» Recorded data:
========
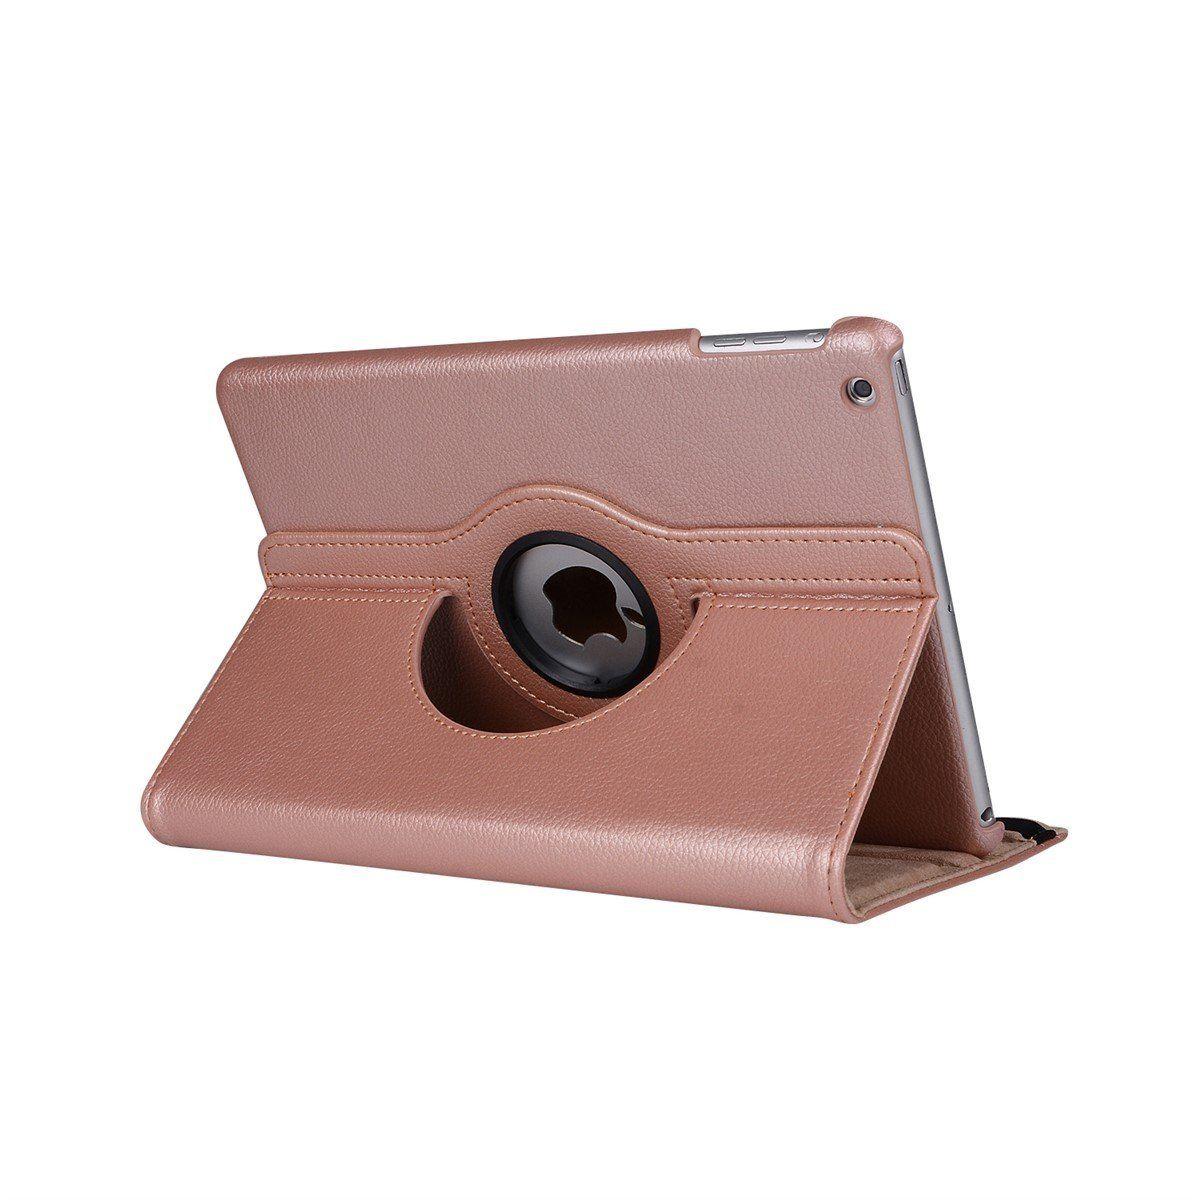 Custodia per Apple IPAD 2 iPad 3 iPad4, inShang Cover case in pelle PU: Amazon.it: Elettronica
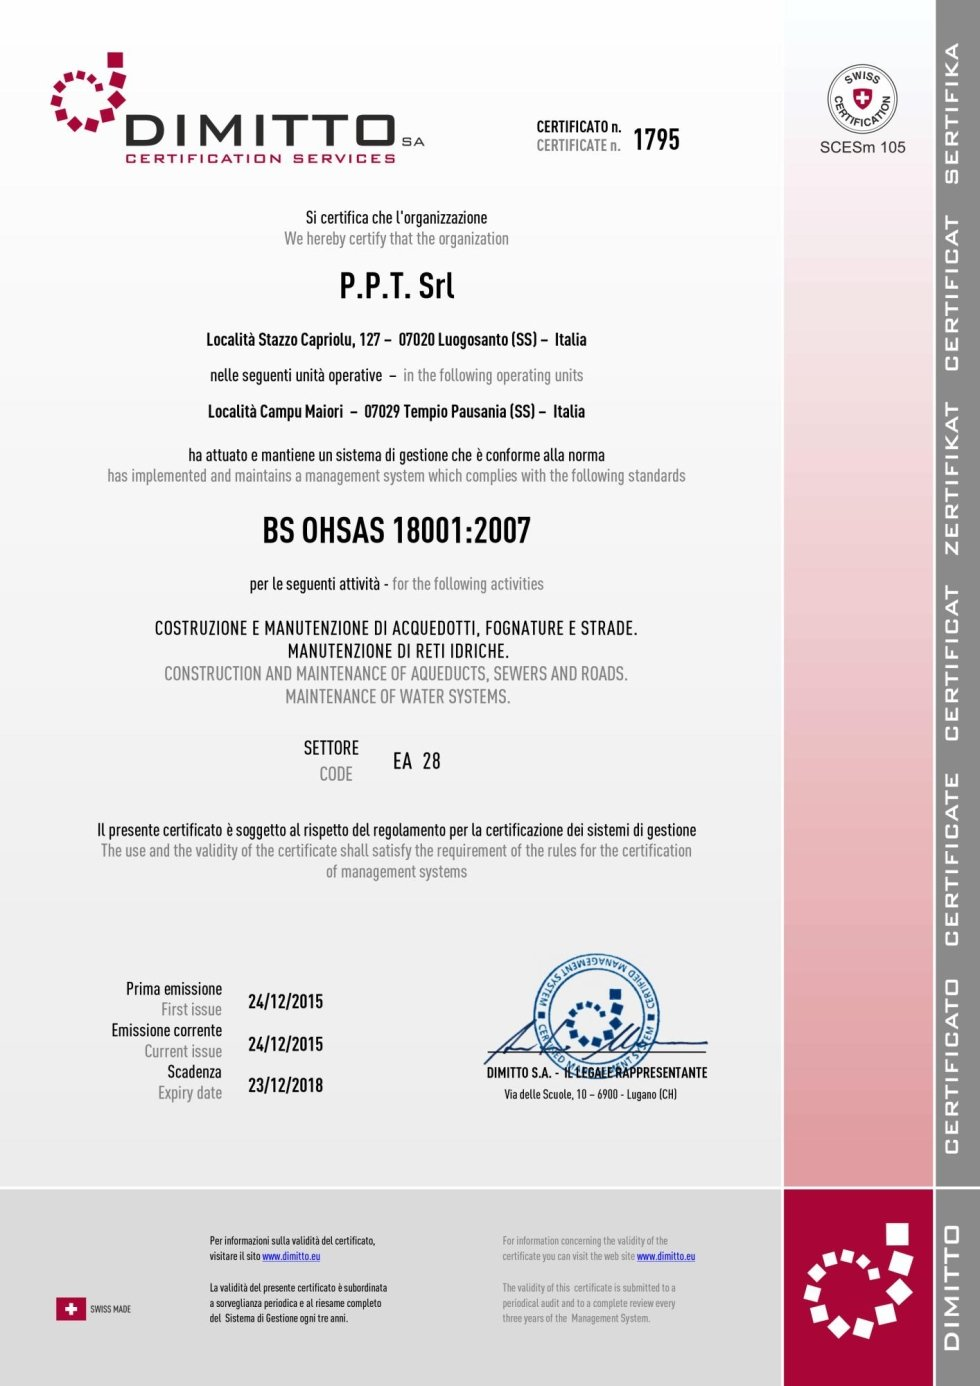 CERTIFICATO BS OHSAS 18001-2007
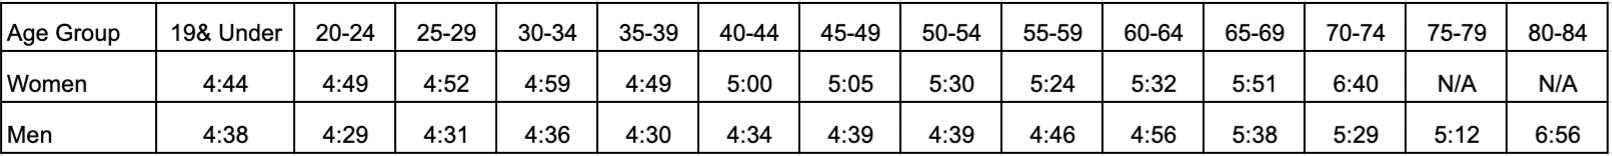 Average Finisher Times based on age group for the austin marathon
========
» Work to complete:
Return the full listing above verbatim, please, but without its images.

» Exercise solution:
 Custodia per Apple IPAD 2 iPad 3 iPad4, inShang Cover case in pelle PU: Amazon.it: Elettronica
 CERTIFICATO BS OHSAS 18001-2007
 Average Finisher Times based on age group for the austin marathon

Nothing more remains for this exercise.